We remember back here we used the one and only Vieta's Formulas, and we can do so again.

So let's check the biggest power, $2001$. We get coefficients of 1 from the first term and -1 from the second. But wait, that gives us $1+(-1) = 0$ as the coefficient of $x^{2001}$. What now?

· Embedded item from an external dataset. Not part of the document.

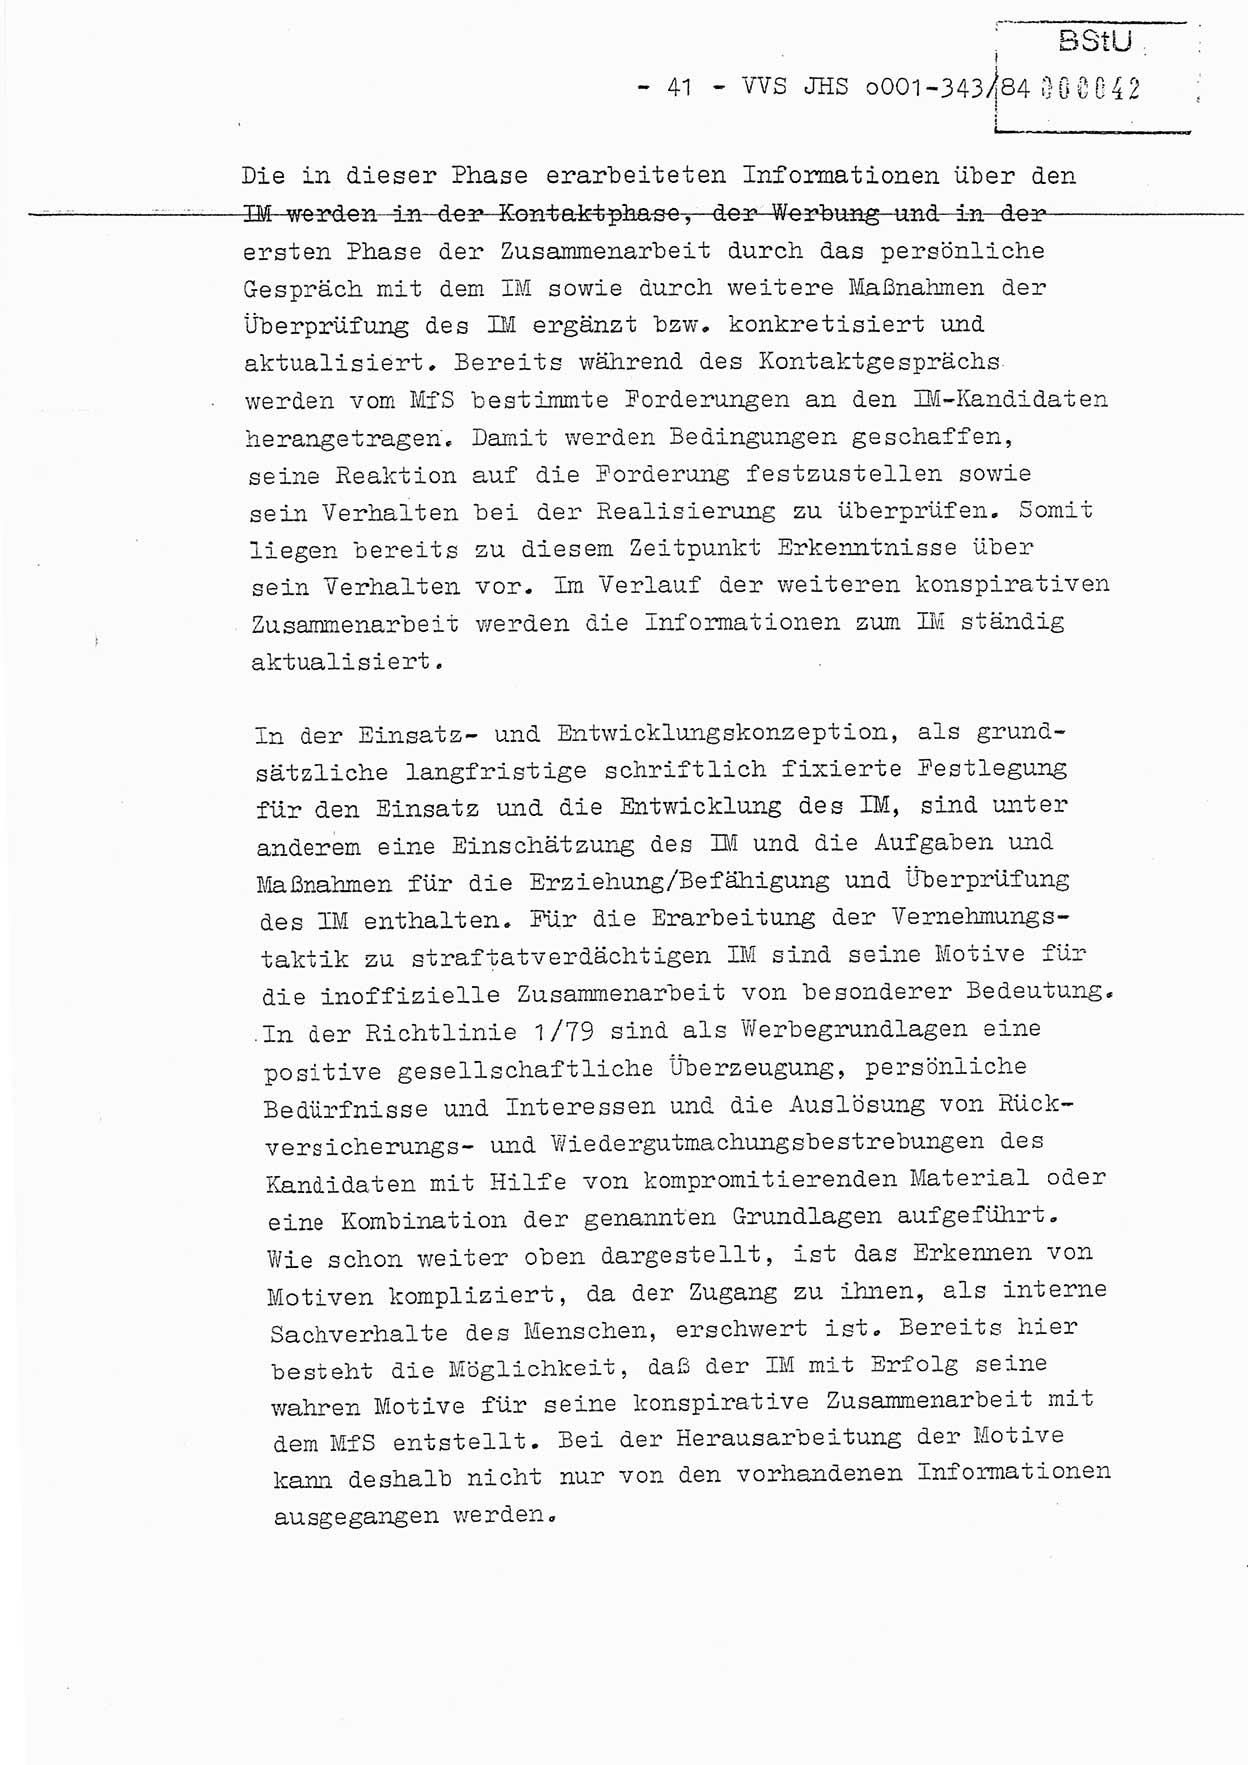 Diplomarbeit, Oberleutnant Bernd Michael (HA Ⅸ/5), Oberleutnant Peter Felber (HA IX/5), Ministerium für Staatssicherheit (MfS) [Deutsche Demokratische Republik (DDR)], Juristische Hochschule (JHS), Vertrauliche Verschlußsache (VVS) o001-343/84, Potsdam 1985, Seite 41 (Dipl.-Arb. MfS DDR JHS VVS o001-343/84 1985, S. 41)

In case you haven't figured out, the polynomial is actually of degree $2000$ instead, so we need to coefficients on $x^{2000}$ and $x^{1999}$. Expanding using the Binomial Theorem, we get

$ 2001C2000 \left(\frac{1}{2}\right)x^{2000} - 2001C1999 \left(\frac{1}{2}\right)^2x^{1999} = \frac{2001}{2}x^{2000}-(2001)(250)x^{1999}$,

which by Vieta's Formulas yields $ \frac{(2001)(250)}{\frac{2001}{2}} = 500 $ as the desired answer. QED.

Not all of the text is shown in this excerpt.